Ясна[5] вздрогнула, медленно, будто во сне, обернулась. Глаза остановились в траве под копытами Ворона. Сотник спешился, тихо проговорил:
— Здравствуй, Светлая.
Ресницы Ясны дрогнули, но опущенные долу очи не поднялись.
— Исполать, Извекушко. И тебе, и красавцу твоему, длинноухому. Всё в разъездах?
— В них, разума, где ж ещё…
Ясна еле заметно кивнула.
— Благодарень, что пришёл утешить. Да у самого, небось, на сердце, не скоморошно.

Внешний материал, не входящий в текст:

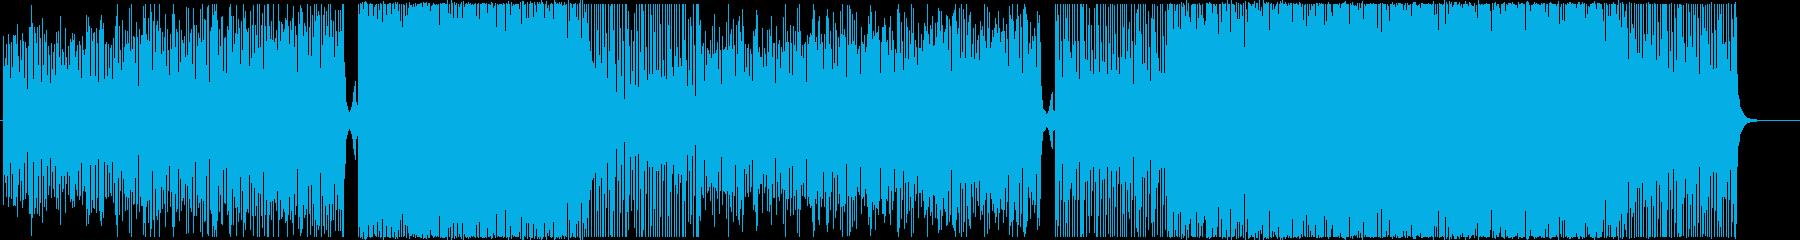 EDM-ハウス-感動-空撮-観光-花火の再生済みの波形

Она замолчала, отвернувшись к Днепру. Извек тоже глянул на далёкий, поросший берёзками берег, заговорил:
— Ты бы… не убивалась так. Родом великим всем завещано жить. А ты себя горем со свету изводишь. Вон уж, тропку по стерне пробила. Можно ль так…
Движение тонкой руки прервало сбивчивую речь на полуслове.
— Обещала, что буду ждать на берегу. — тихо обронила Ясна. — Буду ждать. Езжай.
Сотник почувствовал, что в глазах защипало, будто бросили горсть песка. Молча кивнул, зачем—то долго поправлял стремя. Уже в седле, открыл было рот, но спохватился, что любое прощальное пожелание будет не к месту, молча потянул повод.
— Береги себя, Извекушко… — донеслось вслед.
Сотник оглянулся, увидел огромные выплаканные глаза. Волна скорби едва не вышибла из седла, но в следующее мгновенье взор Ясны вновь обратился к реке. Ворон послушно поплёлся к дороге, уши уныло разошлись в стороны. Извек больше не оглядывался. В груди давило, будто на сердце поставили ржавую наковальню.
Вот же беда, думал Сотник, один сгинул без следа, в двух шагах от своего счастья, другая — обреклась на вечную кручину: ни с кем не разговаривает, во мраке горя света белого не видит. Извек вспомнил, как Залешанин во хмелю бормотал что—то про вторую смерть. Выходило, будто Рагдай погиб ещё раньше, а в последнюю сечу ввязался когда боги отпустили к невесте. Отмерили на свадьбу один день и одну ночь и, едва время истёкло, забрали обратно.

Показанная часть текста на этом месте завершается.